If you need more interaction than disabling a 12-minute subgraph until parent cells are ready, you need to insert breaks into the long-running program to interact with its state and conditionally reverse progress, a workflow not suited for notebooks.

It’s possible to split smaller distinct steps across cells in Jupyter and rerun some state-changing cells to simulate a loop, but:

  1. Tweaking state in cells isn’t feasible for many changes and reverses.
  2. Although cells indicate manual execution order, it’s still easy for the program to be in an incorrect state that is hard to see in scattered and likely obsolete cells.
  3. Manual execution order of cells isn’t reproducible, so you need to refactor an updated program into another notebook or script anyway.

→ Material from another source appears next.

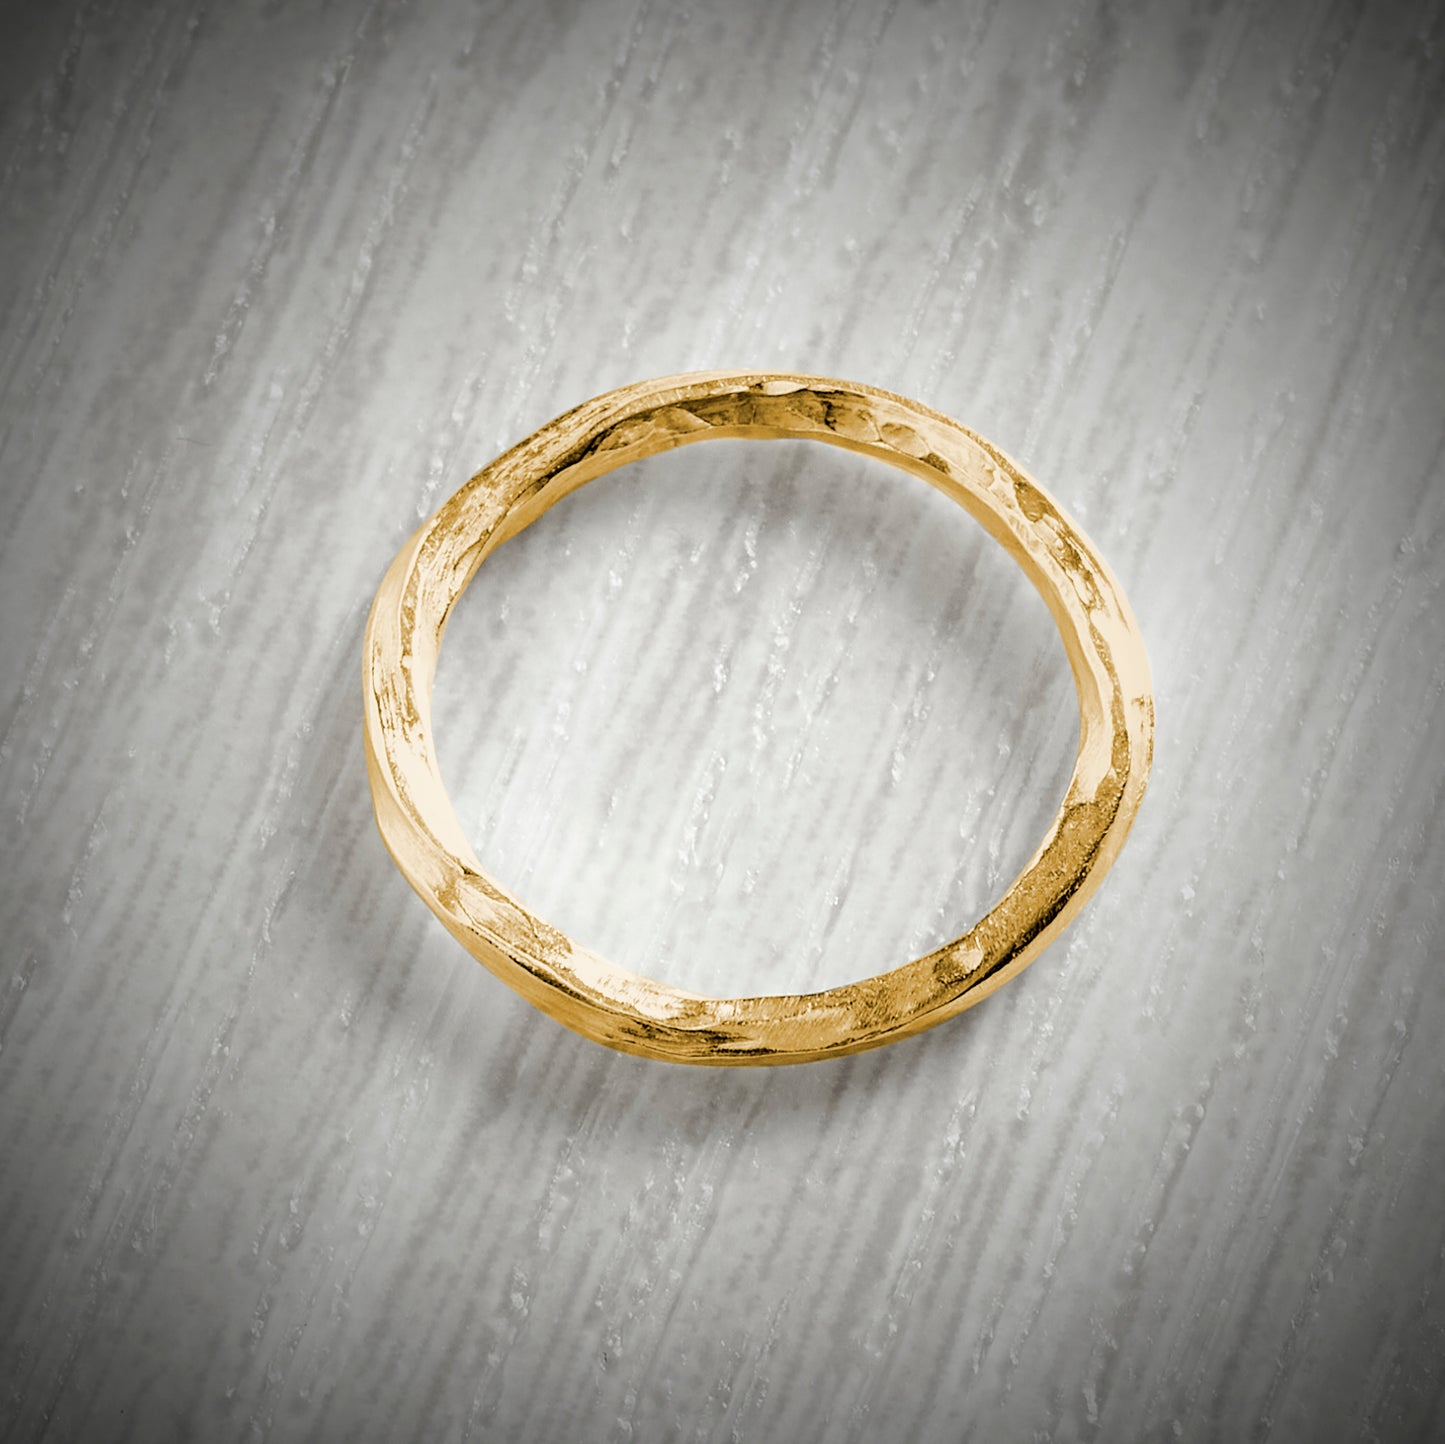 Solid Gold Slimline Twisted Ring by Emma White

Pluto is even less suitable because of its design for reproducing one updated program state:

  1. We can’t assign the same variable in multiple cells because no objective or manual order exists for a reproducible state.
  2. Each cell only has one expression to discourage unnecessary dependencies and to visualize more program state. This contributes to the tendency for Pluto notebooks to be even shorter and quicker (ideally seconds at most) than Jupyter notebooks.

All that said, notebook limitations can be pushed in practice. People have shared hours-long Jupyter notebooks with me that weren’t worth rewriting, so “if it works, it works.”